Leaders can be coaches or players, and may be assigned or unassigned. Just because an athlete does not have a C or an A on their jersey does not mean they will not demonstrate qualities of a leader. In fact, sometimes the most influential leaders are the ones that bear no title at all. They are often the ones who have the characteristics, engage with their teams, and who have earned the mutual respect back from the members of their team.

Think about personal experiences you may have had with leadership throughout your life. Who has stood out to you as someone you’ve looked up to, admired, respected, and enjoyed working alongside? What was it that they did, or said, to encourage you to do your best?

When we think about these people — the leaders who have influenced our peers and ourselves — we see many similarities. Their positivity, motivation, patience, support, knowledge; the list goes on. We see them as individuals who may have faced failure and adversity but who have searched for solutions and have successfully overcome those obstacles they’ve faced.

For that, we look up to them. They’ve studied the sport or the game and know their role, the plays, the rules, and so on. For that, we trust them. They are there for you when you’ve made a mistake, to support and encourage you to get back on your feet. And for that reason, we respect them. When it all comes together, it is no doubt that they’re the true leaders on a team.

Now to take it a step further, think about those teams that you’ve been on when you’ve had that leader. The one who knows, goes, and shows the way: what has the team cohesion, or bond amongst the players, been like? In saying cohesion, it doesn’t necessarily mean that you have to sit around and hold hands outside of practices and everyone has to be best friends. Cohesion means when you step out to compete, you’re all able to work together as a single unit to reach the maximum potential as a team. Often that team with a strong leader is cohesive beyond measure. They’re able to put aside all differences and come together to make it happen.

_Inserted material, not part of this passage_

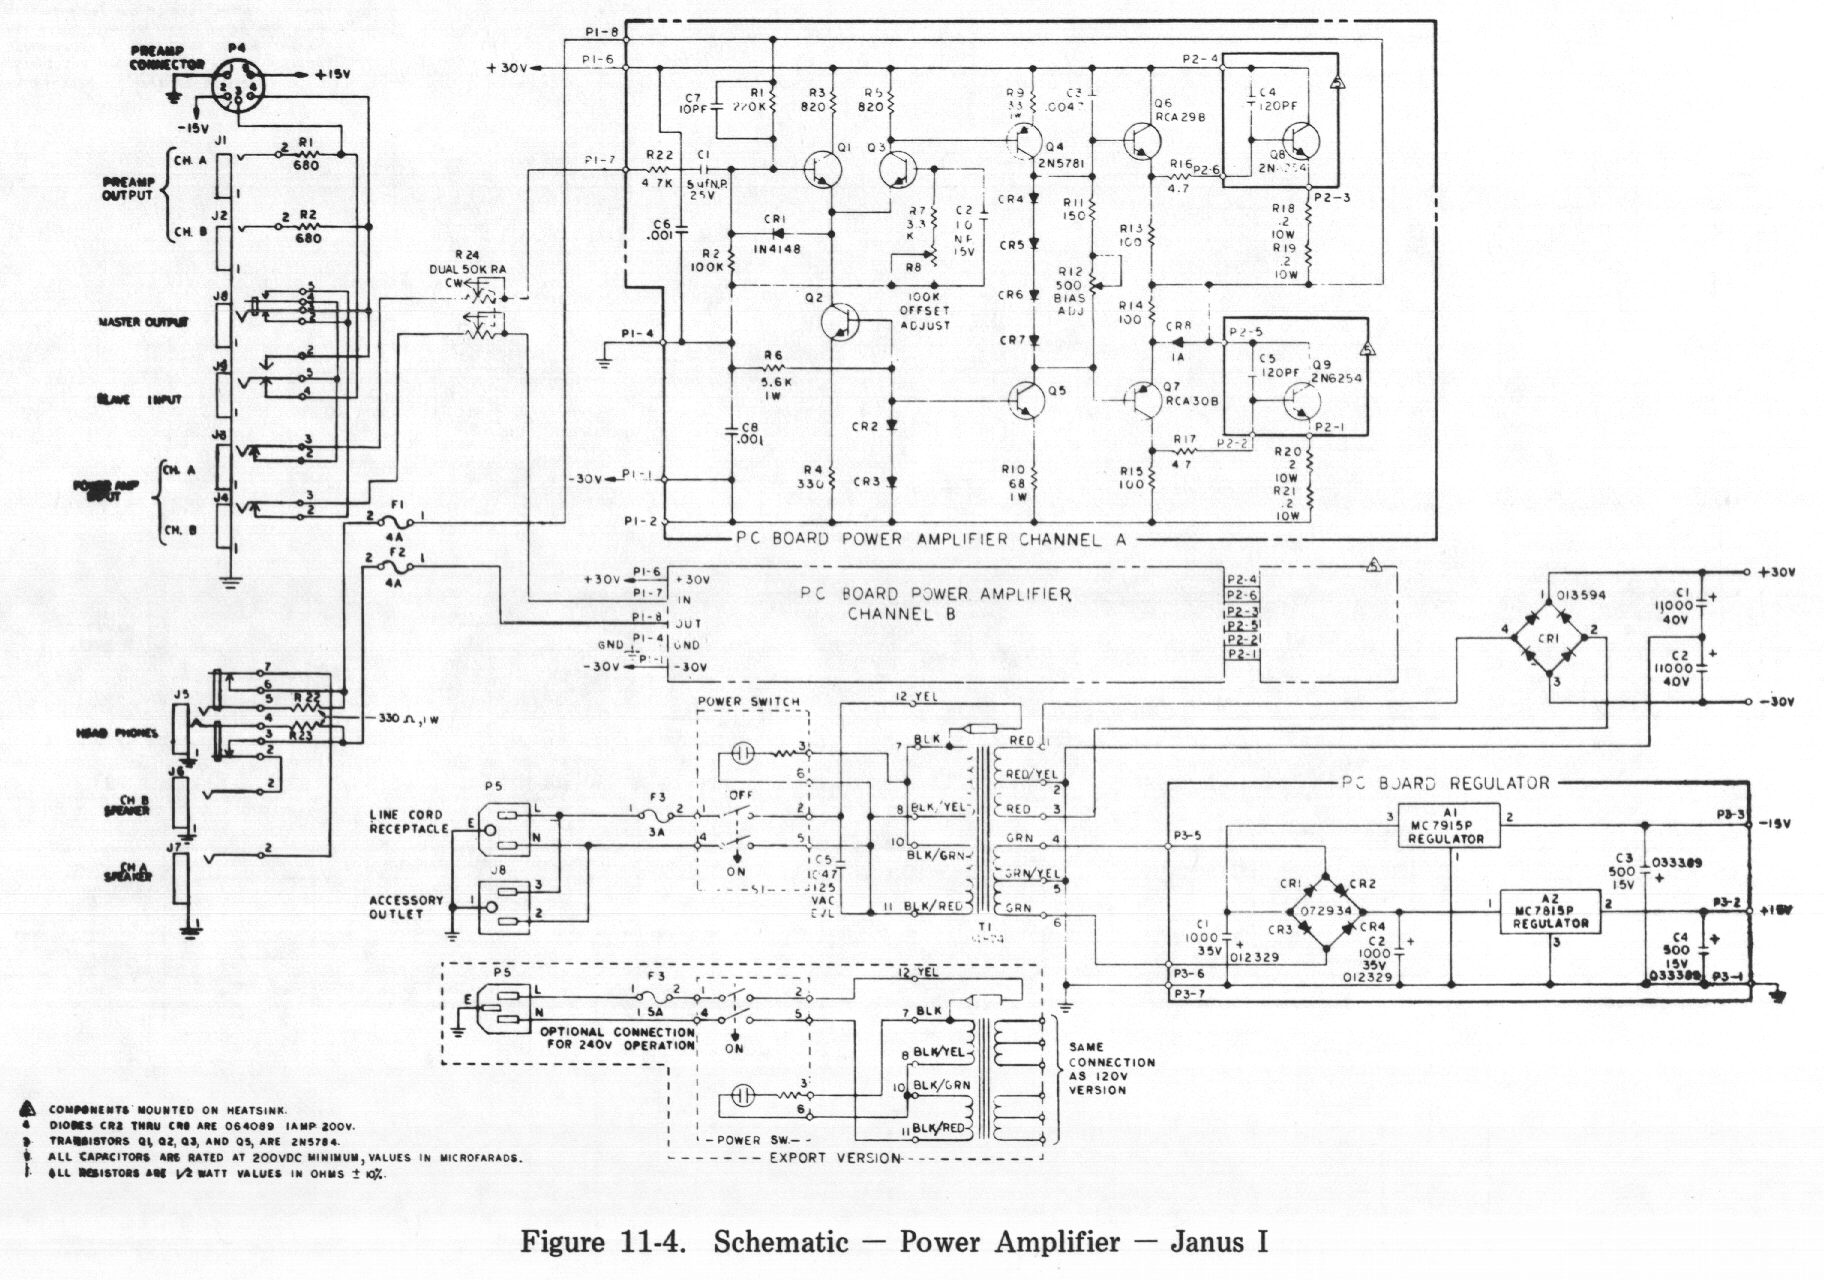 Schematic Power Amplifier

They all strive to be better for each other and for the good of the team, and they’ve got the leader who is a perfect model of that behaviour.

With team cohesion often comes success because of the focused drive, the same way a tightly closed fist packs more of a punch than five individual fingers. The leader is the muscle that can guide those fingers together so that they’re capable of more as a group than as each individual on their own. So if you’re looking to improve your leadership skills, maybe look upon yourself to develop your skills within the game, your attitude, and your mental preparation. With that, your leadership skills will begin to flourish. Be the change that you want to see on your team by acting it, not instructing others to do it. For they will be more inspired to join you when their see your influence more than they’ll want to follow your verbal directions.

Courtney Marchesin, MA, sport psychology consultant, is the mental skills coach for the Alberta Sport Development Centre’s athlete enhancement program. She can be contacted at courtneymarchesin@gmail.com.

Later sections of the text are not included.